Inspired by agile insects in nature, a research team led by Prof Zhong Junwen, assistant professor in the Faculty of Science and Technology (FST) of the University of Macau (UM) and a member of the Centre for Artificial Intelligence and Robotics of UM, has developed robotic insects that are only 3cm long with ultrahigh agility and a controlled trajectory. The study has been published in Science Robotics, the top journal in the field of robotics. This is the first time that a research study by Macao scholars has been published in this journal. So far, the journal has published less than ten papers from higher education institutions in the Guangdong-Hong Kong-Macao Greater Bay Area.

In nature, animals that are fast and agile often have a survival advantage. A key fundamental challenge in this study is to develop insect-scale soft robots with ultrahigh agility and good trajectory control comparable to those of real agile insects, and the technical difficulty lies in achieving a fast linear moving speed while maintaining the capability of the robots to make turns. In nature, insects with flexible bodies can dynamically tune the friction force with secretions between their feet and the ground to improve locomotion. In this study, Prof Zhong’s team emulated similar schemes by adjusting the electrostatic force between the robot’s feet and the ground to achieve both ultrahigh agility and a controlled trajectory. The soft robots developed by the team can reach a highest relative centripetal acceleration of 28 body-length/s2, which is better than that of common insects. Through a series of demonstrations, the team has proved that the soft robots can pass through a 120cm-long track in a maze within 5.6 seconds and carry a 180mg on-board sensor to record a gas concentration route map.

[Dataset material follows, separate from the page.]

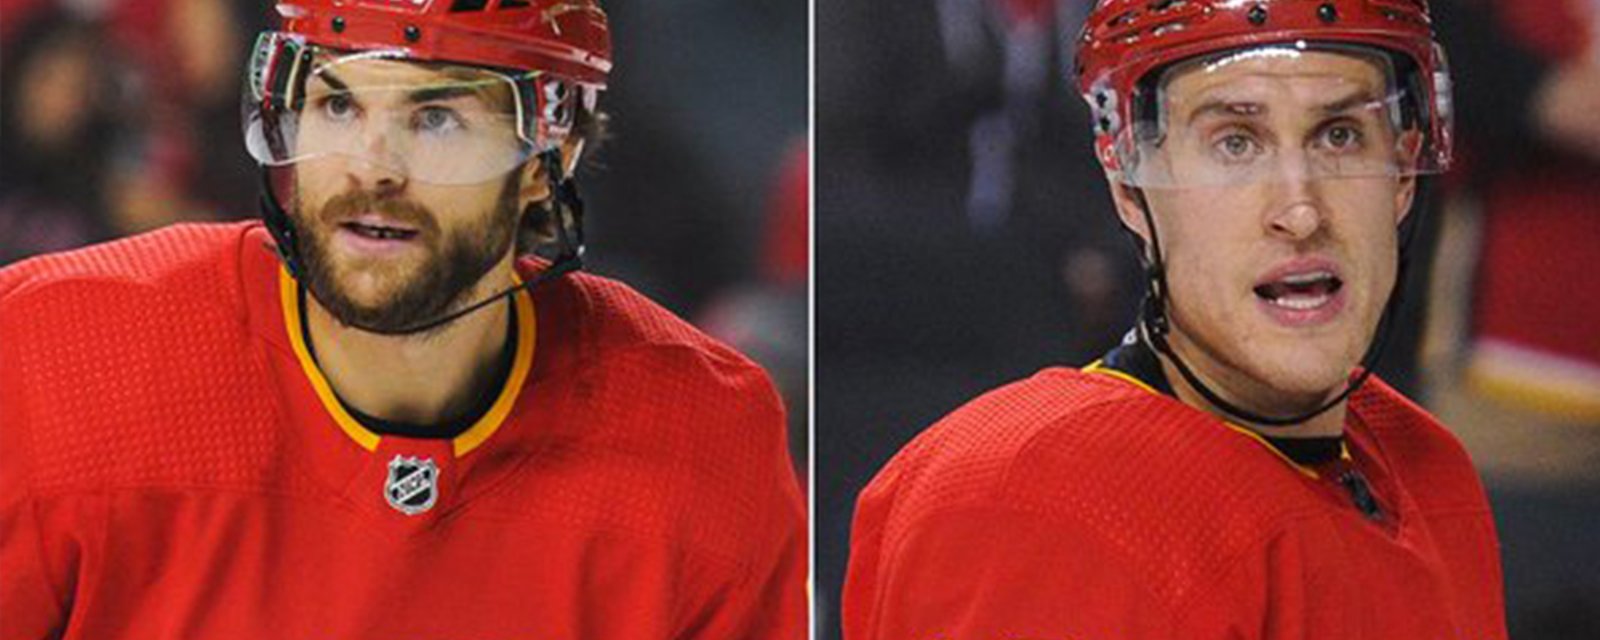 Injury Report: Flames place two players on IR, Stone out long-term

Furthermore, the team has also developed an untethered version of the soft robot, which is battery-powered and can complete a 27.9cm-long S-shape path in 36.9 seconds. An important potential application for such robots is that after a disaster such as an earthquake, a large number of these robots can carry sensors that can move swiftly through the rubble and record and transmit valuable information during the search and rescue process. The related paper, Titled ‘Electrostatic Footpads Enable Agile Insect-scale Soft Robots with Trajectory Control’, is the result of collaboration between UM, Tsinghua University, and the University of California, Berkeley.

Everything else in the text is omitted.